Will any of this really help the Labour Party whose opinion poll results are nowhere near good enough to predict a victory next May? Somehow, I doubt it. There is far too much talk about "New Old Labour", which anyone with any kind of political memory will know to have been unelectable. Ed Miliband is seen as far too left-wing but also incompetent in the simplest political acts like delivering a speech at a party conference. It is particularly unfortunate that his flub should have come so soon after Gordon Brown's highly praised performance in Scotland towards the end of the referendum campaign.

We do, of course, have another "New Old Labour Party" now and that is UKIP who clearly intends to compete for that limited and ever decreasing vote.

Incidentally, the Boss and I discussed Patrick O'Flynn's speech that outlined those preposterous economic policies including the one about raising VAT on "luxury goods". Setting aside the obvious question as to what is defined as "luxury goods" and the obvious comment that a good many people from working class background like to be able to buy them, one cannot help asking why UKIP should be so supportive of VAT, an EU tax that is open to a great deal of fraud and is not particularly useful for the economy. Why not call for its abolition (and if you cannot do that within the EU well you know what we ought to do) and for competitive local sales tax? I seem to recall that the present UKIP parliamentary candidate for Clacton co-authored a book some years ago with one, Daniel Hannan, in which that was one of the policies outlined. One wonders how he felt having to applaud the economic spokesman of his new party who was making it quite clear that neither he nor the party were interested in any serious radical ideas.

Saturday, September 27, 2014

As UKIP moves left it acquires another right-wing Tory MP

Honestly, I was not going to blog about the UKIP (or any other party) conference but I did note that some of their policies meant that they have now morphed from the Conservative Party circa 1955 to the Labour Party circa 1955: big government, high taxation, do not touch the NHS, slap higher VAT on so-called luxury goods, tighten planning laws, introduce protectionism and appease Russia (that's Labour post Ernie Bevin). Apparently, this is done from the entirely non-politician-like idealistic principles of trying to grab some Labour voters who might be dissatisfied with no longer having the Labour Party their grandparents voted for. Of course, a good many people whose parents and grandparents voted for that old version of the Labour Party then proceeded to vote for Mrs Thatcher's Conservative Party because they no longer knew their place in life but UKIP seems to have forgotten that.

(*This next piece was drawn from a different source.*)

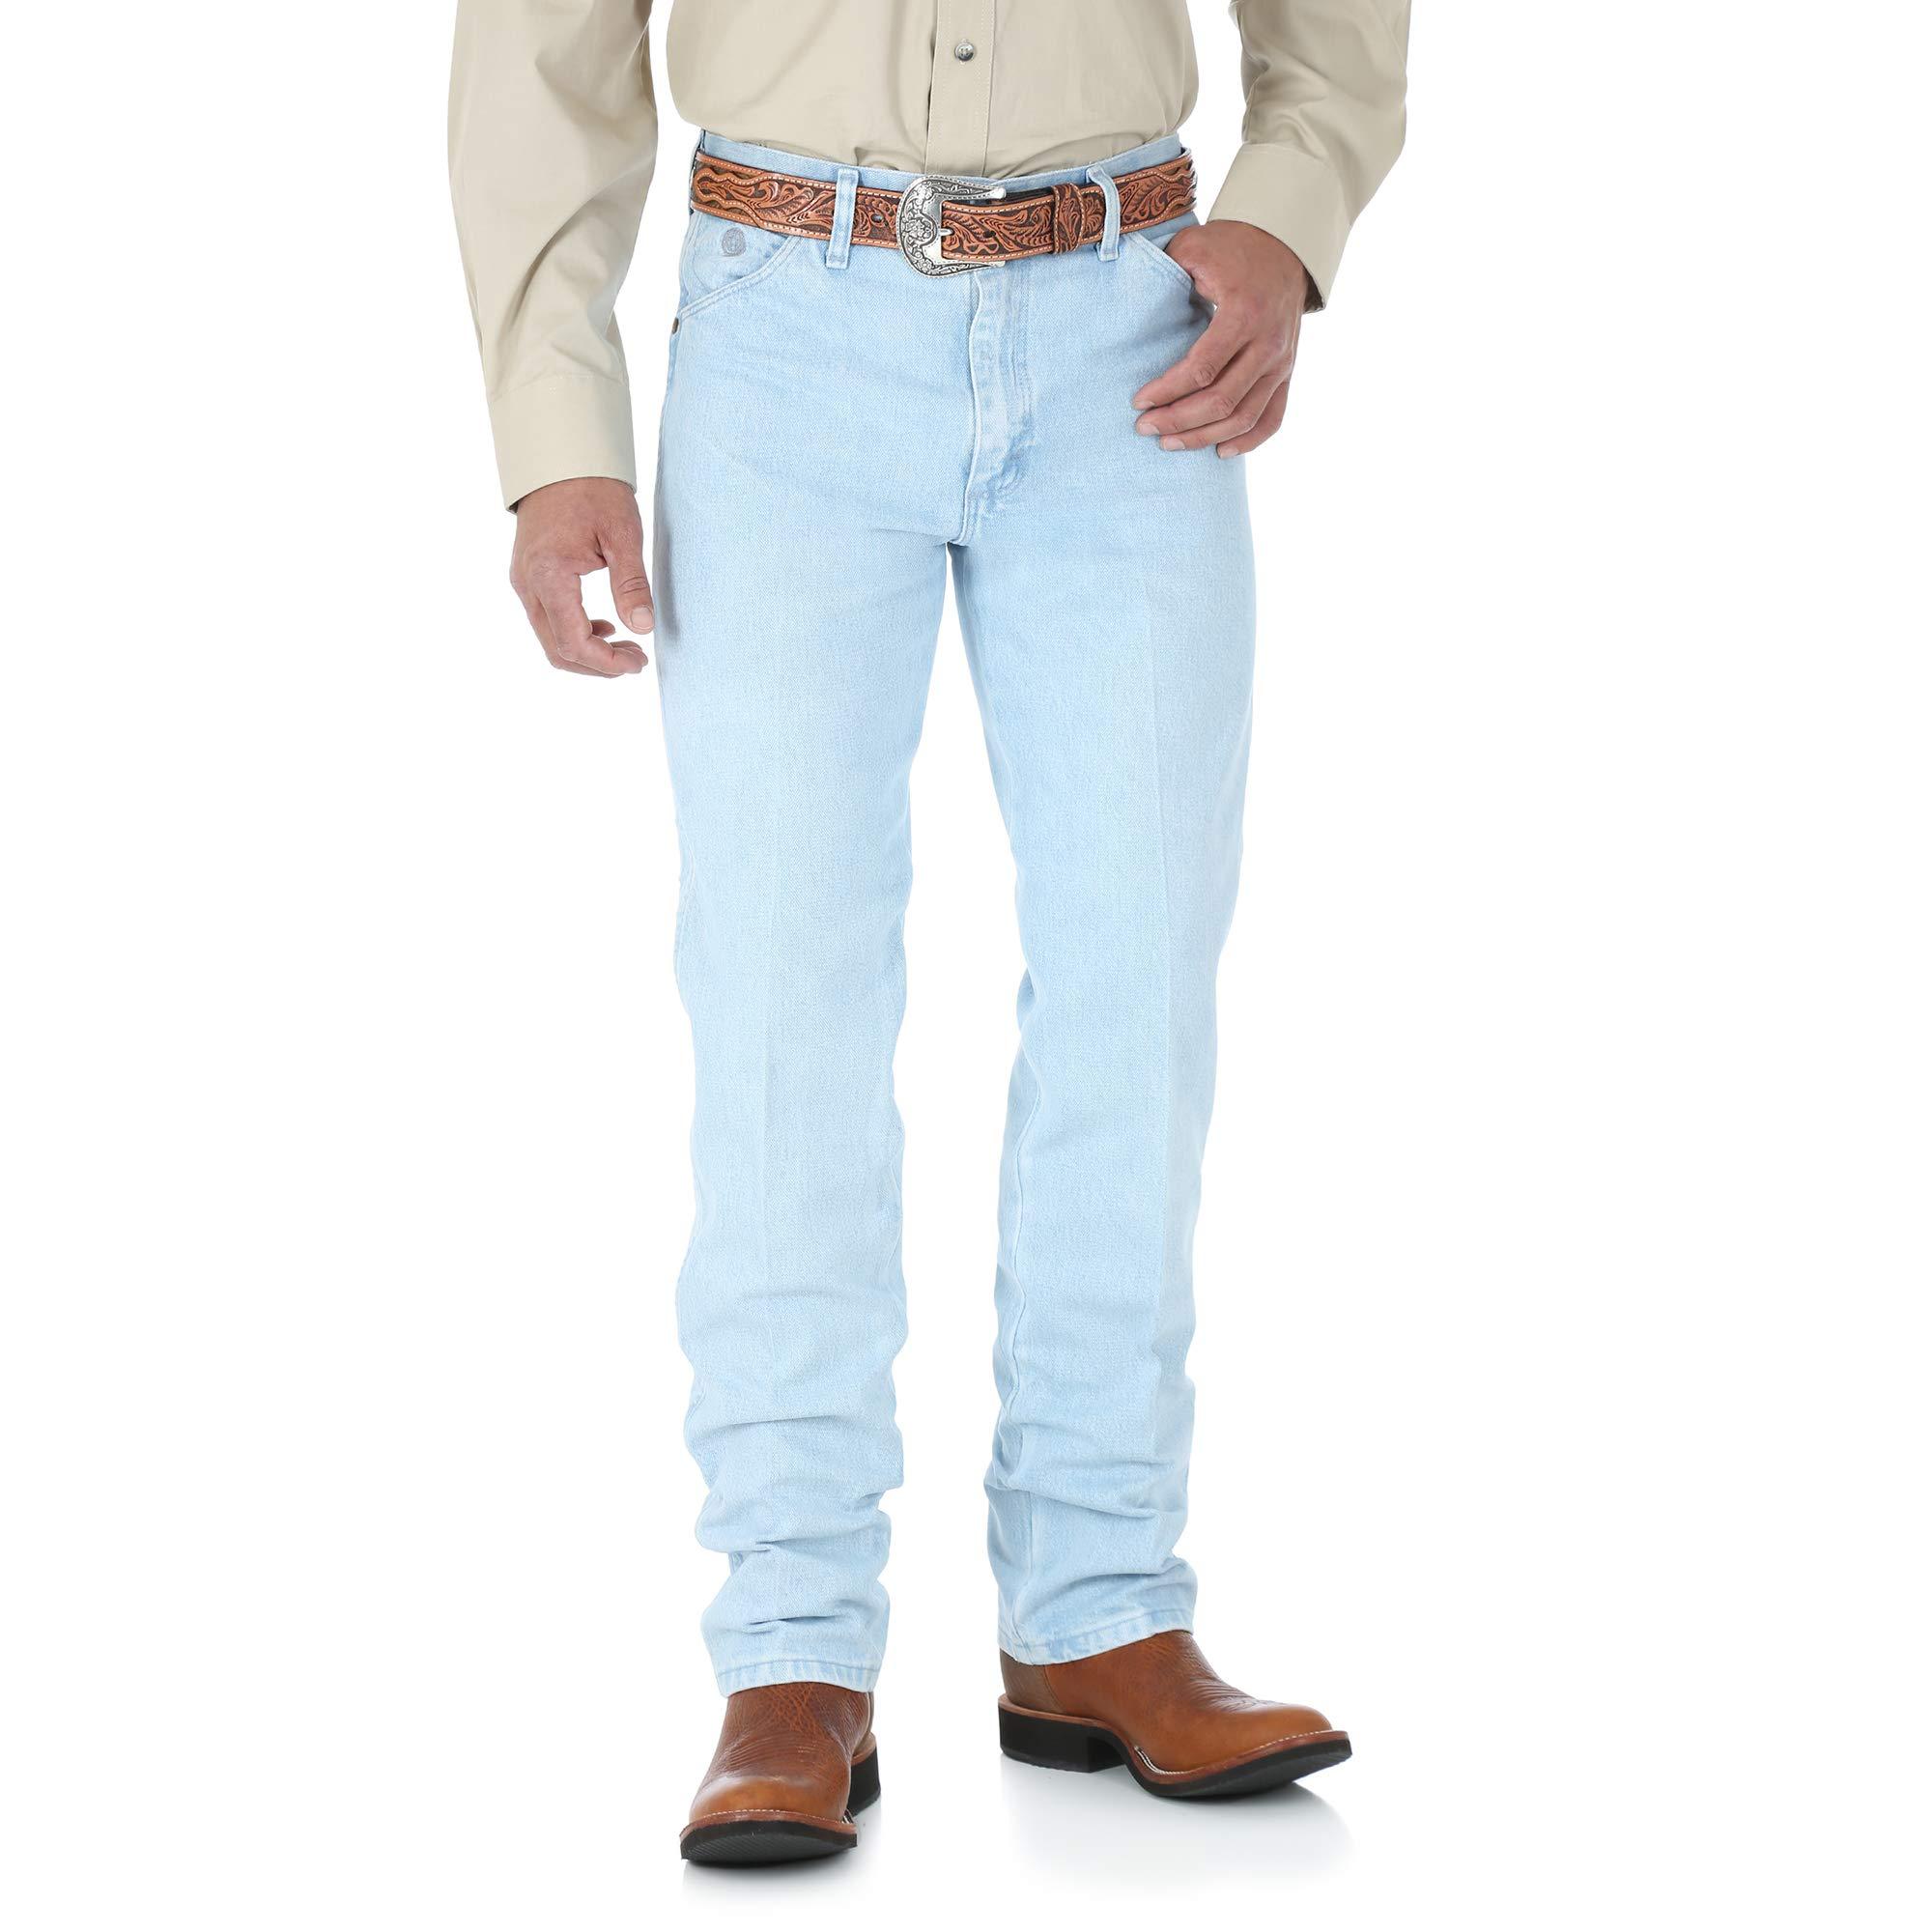 b332d562 Galleon - Wrangler Men's George Strait Cowboy Cut Original Fit Jean,  Bleach, 35W X 34L
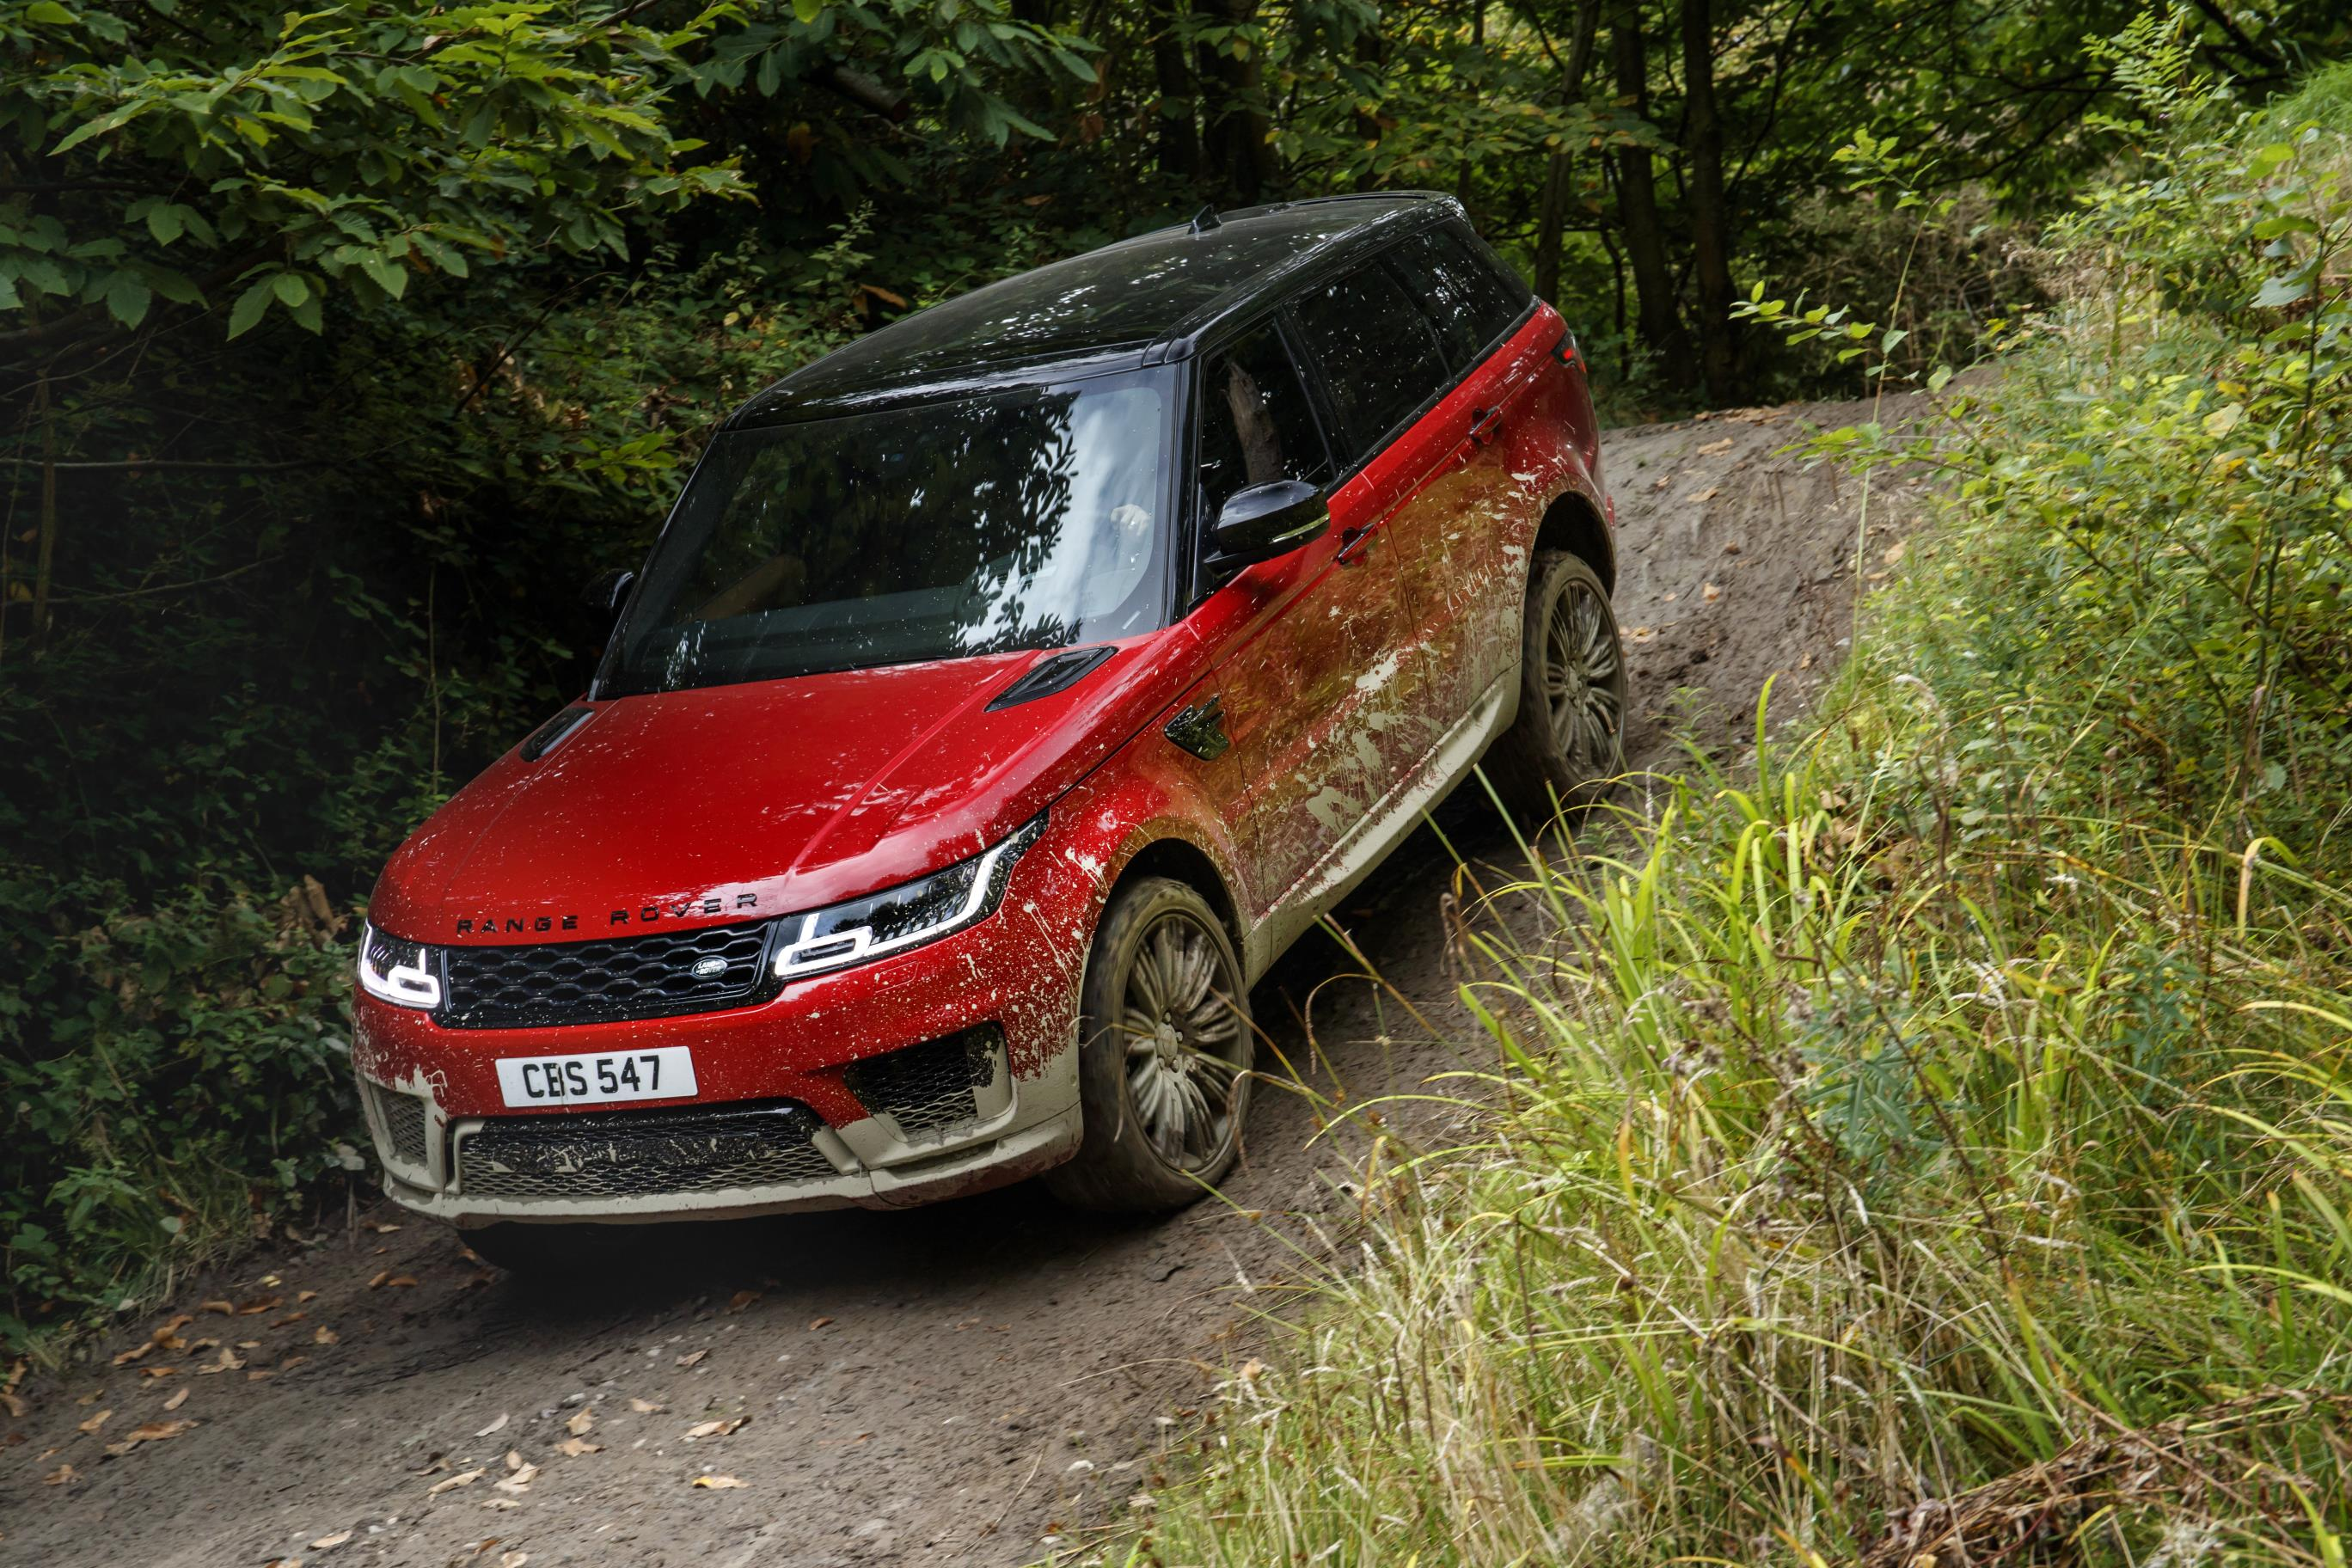 ficial 2018 Range Rover Sport including Plug in Hybrid and SVR

Yet it is not left-wing socialists who are joining UKIP (well, not any high-profile ones) but supposedly right-wing Tories. Mark Reckless, another well-known liberal (in the real sense of the word), free-mareketeer, small government, low taxation etc etc politician has just announced that he is joining UKIP and is stepping down as an MP for Rochester and Stroud (a seat that, I am told, had been stitched up for him previously, though I am not sure what that means exactly).

In May Mr Reckless proclaimed joyfully that the party now felt reasonably happy about things and was calling for an IN/OUT referendum (which, supposedly, is Conservative Party policy) and calling on Mr Farage to "to declare his hand: is he ready to thwart Tory candidates who will deliver a referendum, and instead allow a Brussels-loving Labour Party to rule?". To rephrase slightly the Weill/Anderson September Song:
But it's a long, long while from May to September.
I assume that all notions of local democracy and open primaries will once again be jettisoned and the local UKIP association will be forced to fall into line and select Mark Reckless as their candidate. Then we shall see.

What exactly will he and what exactly does Douglas Carswell campaign on: higher taxes, tighter planning laws, appeasement of Russia, fear of foreigners taking jobs? None of that sits well with their previous political pronouncements. Perhaps, they have simply changed their minds on every political issue (apart from wanting to be MPs) and this seemed the simplest way or making it clear to the electorate.

As of this moment the Boss has not commented on Mr Reckless and his behaviour (everyone has cracked that joke so I am not going to). As soon as he does I shall add a link.

UPDATE: The Boss has spoken and he is unimpressed.

Friday, September 26, 2014

News from Poland

Should we care about a government reshuffle in Poland? I am afraid so, because, as I never tire of saying, their Ministers are part of our real government.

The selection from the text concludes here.